Caps have sphincter muscles to allow this redirecting. At any one time, only 5-10% of
caps have blood flowing through them but all cells are being feed.
Three circulatory systems though all connected; pulmonary system, systemic system and
coronary system – arteries supply heart muscle with oxygen and nutrients.
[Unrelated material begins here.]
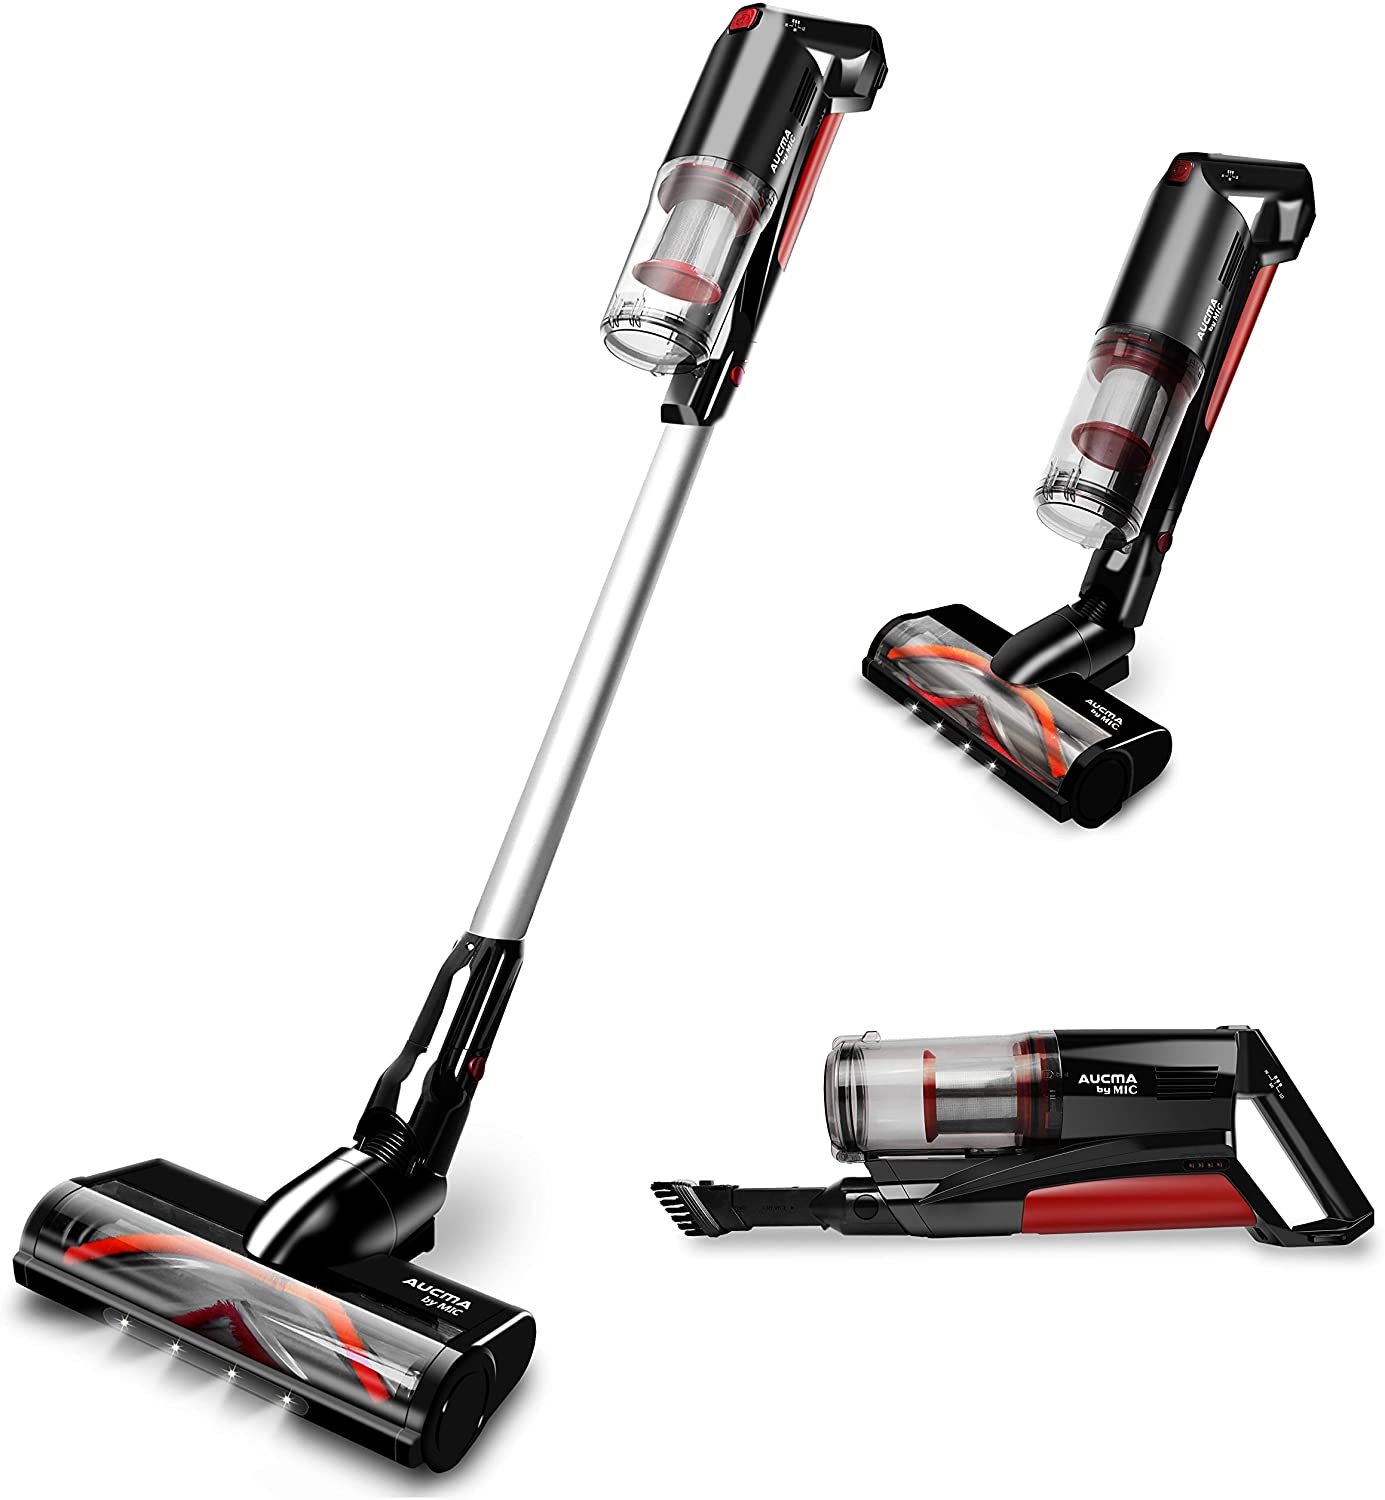 MIC Cordless Vacuum Cleaner, 20000Pa Stick Vacuum, 5 in 1 Handheld Lightweight Vacuum with Removable Battery, 3 Adjustable Suction, Up to 50 Mins Working.

Lab on strength of arteries vs veins page 214 and precision of manual vs electronic
pulse meters p213 of tiger book.
The Heart Weighs about 300 g, weight of an apple, located just left of center,
surrounded by pericardium membrane and fluid. ** be able to draw and show the
relative thicknesses of the walls
Addition to heart dissection – page 212 tiger text
Deoxygenated blood from the body enters through the superior and inferior vena cava
into right atrium. (atria→plural). When full, A.V. valve opens, atrium contracts and
blood forced into right ventricle. When ventricle full, A.V. closes and S.L valve opens
→ ventricle contracts and forces blood out of heart in the pulmonary artery into the
pulmonary system. Artery divided into two, left and right and goes to lungs. They
rebranch into arterioles and capillaries. It’s in the caps that oxygen and CO2 are
exchanged. Oxygenated blood returns to heart via the pulmonary vein on left side to left
atrium. The pressure it exerts causes the AV valve to open, left ventricle, SL valve and
out via the aorta. The aorta arches and branches up to the heart and the coronary system,
and to the rest of the body through the systemic system. Aorta the thickest artery with the
greatest pressure.
35-40 seconds for one trip while watching TV, 10 seconds when exercising, heart
uses 80% of oxygen it gets while the body uses only 25% (efficiency and/or
need?)hole in the septum.
Heartbeat – ventricles contract together, atria contract together, systole – period when
ventricles contract, SL valves open and AV valves closed, Diastole – period when
ventricles relaxing and filling up and atrium contracting, SL closed, AV open. Together,
the whole process is called the cardiac cycle.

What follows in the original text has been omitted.